This document provides comprehensive documentation for the workflow comparison configuration format.

Overview
Configuration File Format
Top-Level Fields
Cost Configuration
Similarity Groups
Ignore Rules
Parameter Comparison Rules
Exemptions
Connection Rules
Output Configuration
Examples

Overview

Configuration files can be written in either YAML or JSON format. YAML is recommended for readability and easier maintenance. The configuration controls:

Cost weights for different types of graph edits
Similarity groups to treat similar node types as equivalent
Ignore rules to exclude certain nodes or parameters
Parameter comparison rules for flexible matching
Exemptions for optional nodes
Output formatting preferences

Configuration File Format

YAML Example

yaml

version: "1.0"
name: "my-config"
description: "My custom configuration"

costs:
  nodes:
    insertion: 10.0
    deletion: 10.0
    # ... more costs

similarity_groups:
  triggers:
    - "n8n-nodes-base.webhook"
    - "n8n-nodes-base.manualTrigger"

ignore:
  node_types:
    - "n8n-nodes-base.stickyNote"

parameter_comparison:
  numeric_tolerance:
    - parameter: "options.temperature"
      tolerance: 0.1

output:
  max_edits: 15

JSON Example

json

{
  "version": "1.0",
  "name": "my-config",
  "description": "My custom configuration",
  "costs": {
    "nodes": {
      "insertion": 10.0,
      "deletion": 10.0
    }
  },
  "similarity_groups": {
    "triggers": [
      "n8n-nodes-base.webhook",
      "n8n-nodes-base.manualTrigger"
    ]
  }
}

Top-Level Fields

`version` (string, required)

Configuration format version. Currently "1.0".

yaml

version: "1.0"

`name` (string, optional)

A unique identifier for this configuration.

yaml

name: "my-custom-config"

`description` (string, optional)

Human-readable description of what this configuration does.

yaml

description: "Strict comparison for production workflows"

Cost Configuration

The costs section defines penalties for different graph edit operations. These costs directly impact the similarity score.

Structure

yaml

costs:
  nodes:
    insertion: <float>
    deletion: <float>
    substitution:
      same_type: <float>
      similar_type: <float>
      different_type: <float>
      trigger_mismatch: <float>

  edges:
    insertion: <float>
    deletion: <float>
    substitution: <float>

  parameters:
    mismatch_weight: <float>
    nested_weight: <float>

Node Costs

`costs.nodes.insertion` (float, default: 10.0)

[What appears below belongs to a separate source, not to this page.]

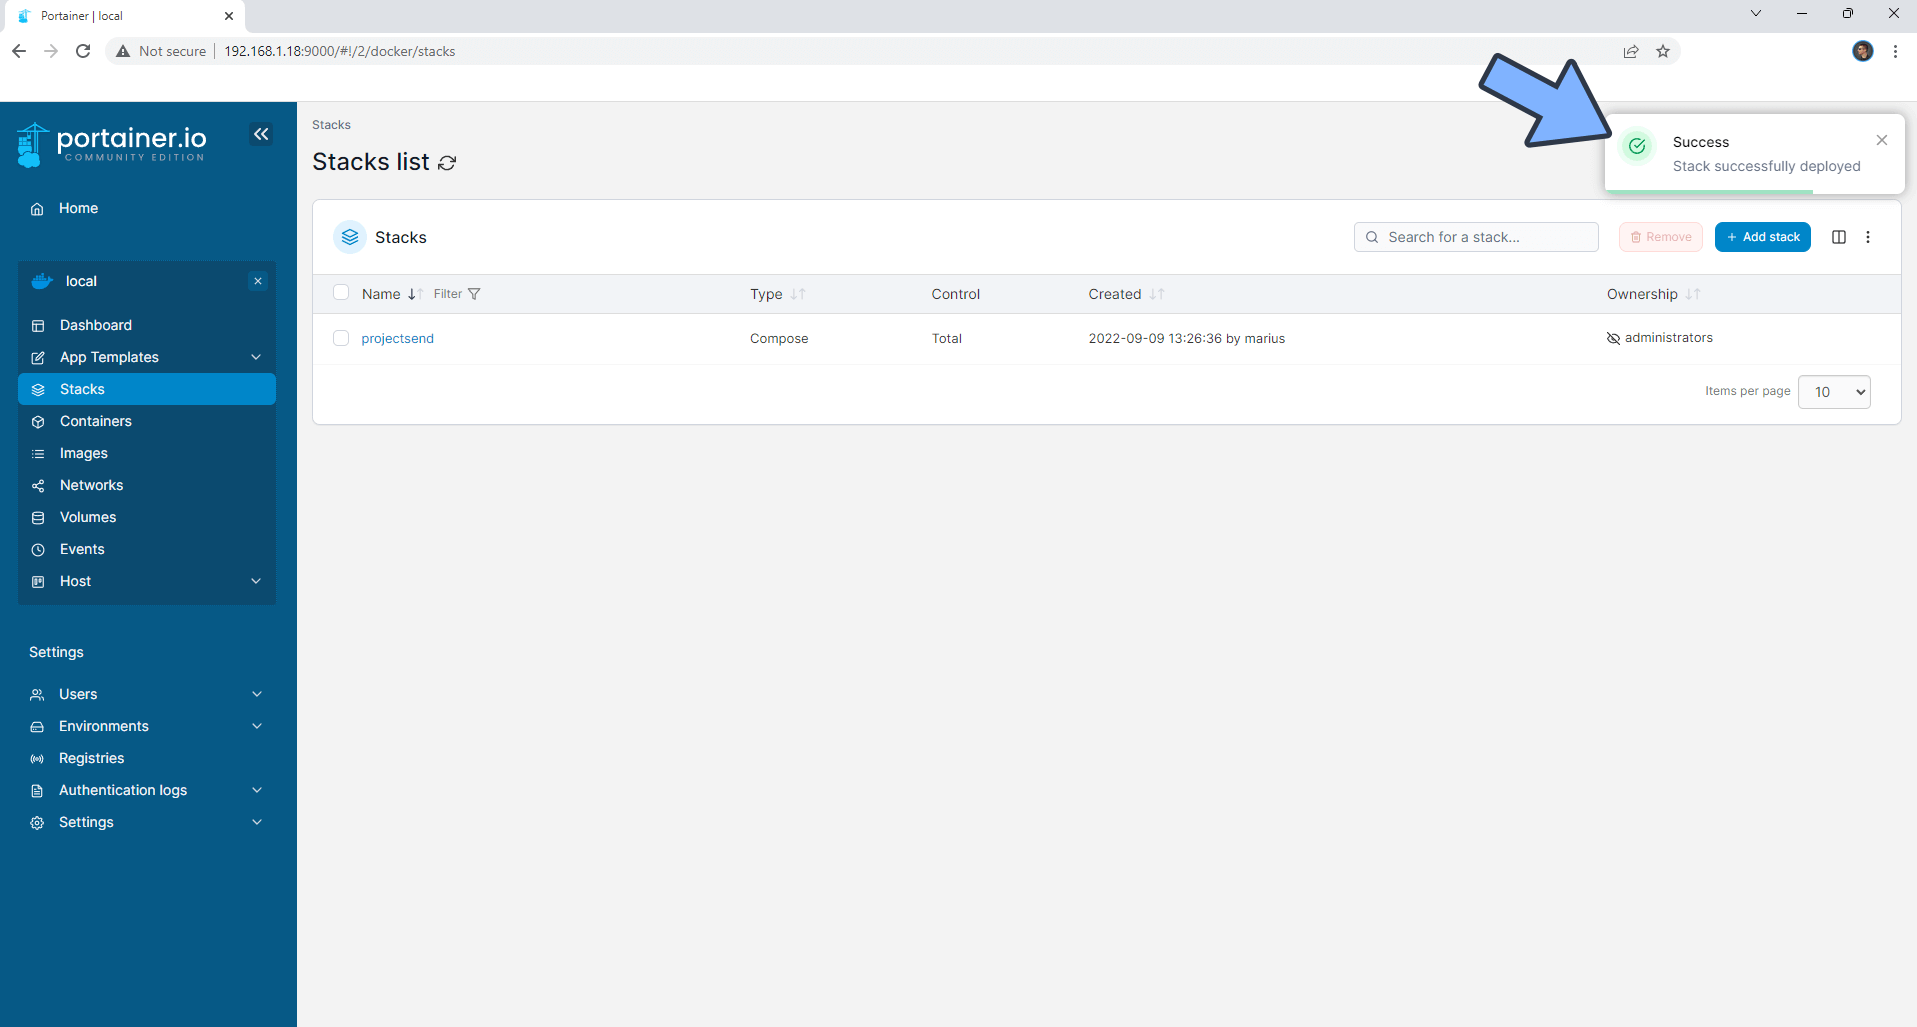 3 ProjectSend Synology NAS Set up

Cost penalty when a node exists in the ground truth but is missing from the generated workflow.

Use case: Set higher for stricter matching (e.g., 15.0), lower for lenient matching (e.g., 5.0).

yaml

costs:
  nodes:
    insertion: 10.0

`costs.nodes.deletion` (float, default: 10.0)

Cost penalty when a node exists in the generated workflow but not in the ground truth.

Use case: Set higher to penalize extra nodes more severely.

yaml

costs:
  nodes:
    deletion: 15.0

`costs.nodes.substitution.same_type` (float, default: 1.0)

Cost when two nodes have the same type but different parameters.

Use case:

Low values (0.5-1.0): Allow parameter variations
High values (2.0-5.0): Require exact parameter matches

yaml

costs:
  nodes:
    substitution:
      same_type: 1.0

`costs.nodes.substitution.similar_type` (float, default: 5.0)

Cost when two nodes are in the same similarity group (see Similarity Groups).

Example: Replacing lmChatOpenAi with lmChatAnthropic (both are LLMs).

yaml

costs:
  nodes:
    substitution:
      similar_type: 5.0

`costs.nodes.substitution.different_type` (float, default: 15.0)

Cost when replacing a node with a completely different type.

Example: Replacing httpRequest with webhook.

yaml

costs:
  nodes:
    substitution:
      different_type: 15.0

`costs.nodes.substitution.trigger_mismatch` (float, default: 50.0)

Special high-cost penalty for trigger node mismatches. Triggers are critical to workflow functionality.

Use case: Keep this high (50.0-100.0) to ensure trigger correctness.

yaml

costs:
  nodes:
    substitution:
      trigger_mismatch: 50.0

Edge Costs

`costs.edges.insertion` (float, default: 5.0)

Cost for a missing connection between nodes.

yaml

costs:
  edges:
    insertion: 5.0

`costs.edges.deletion` (float, default: 5.0)

Cost for an extra connection that shouldn't exist.

yaml

costs:
  edges:
    deletion: 5.0

`costs.edges.substitution` (float, default: 3.0)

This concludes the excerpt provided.